Today, Wamnee has no idea how many lives she’s touched with her boxing gloves. For the past three years, she’s gathered to teach up to three times a week, inviting women to join her on the journey. Her therapeutic boxing classes are free of charge and the only advertising has been word of mouth.
“Somehow, they find us,” she says. “We have so many women from different walks of life who have their own set of experiences and again, while this is a very similar experience, they will all tell you a different version of how it helps them.”
Thirty-five-year-old Alahna Rowland is one of those women. Her first class felt like crossing a threshold she’d been searching for. “The moment I started, I felt like I belonged,” she says. She’d spent years trying to heal the wounds after growing up in abusive foster homes.

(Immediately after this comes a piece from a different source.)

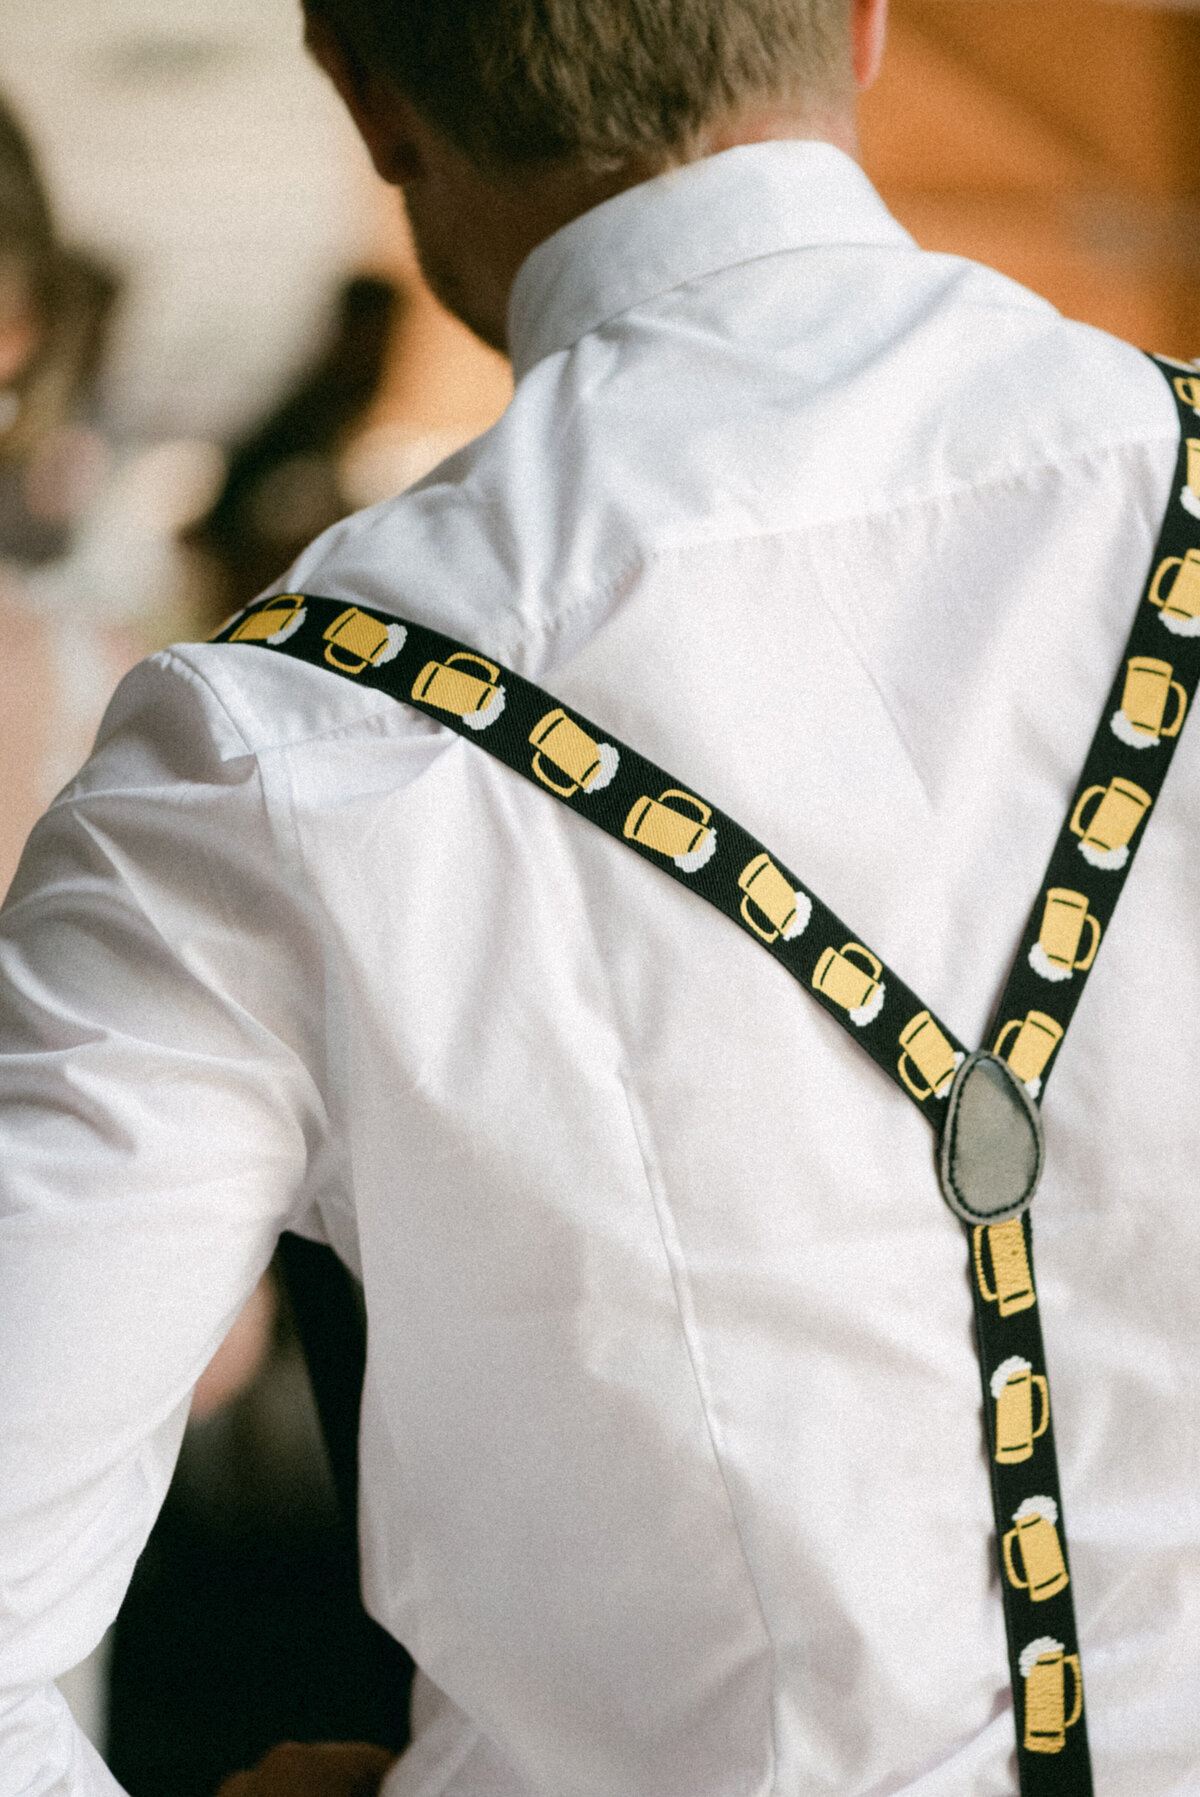 Funny suspenders in an image captured by wedding photographer Hannika Gabrielsson.

“This has given me confidence. It’s given me the urge to do something about my trauma, not just hide from it,” Alahna says. “Working with Wamnee, I’ve learned to control my breathing. I’ve learned to ground myself.”

Some days, she still hears the voice that tries to tear her down. “But now I have a new voice that’s louder,” she says. “I feel like I’m getting on the right path. That’s why I love this place.”
Angie Pollock, another regular in the gym, comes for many of the same reasons. “I used to be a blackout fighter,” she admits. “One of my heroes was murdered in a fistfight, and I swore off fighting. It was a battle to keep myself from going to that edge of rage.” With Wamnee’s guidance, she’s learning control.
And Wamnee sits back and celebrates every one of these steps forward.
“I know now. This is my purpose here on earth,” Wamnee says. She dreams one day of expanding her program with regular music and art therapy classes. She’d also love to develop a digital platform that every woman across the country could log into where they can learn the breathwork of boxing. She knows when you match breathwork with activity, magic happens.
“It empowers me to watch women grow,” she says.
And, while some of the women she teaches come and go, she makes sure each one of them knows that they will always be welcome back to this healing space. With a smile she says, “You will always have a little tribe here waiting for you.”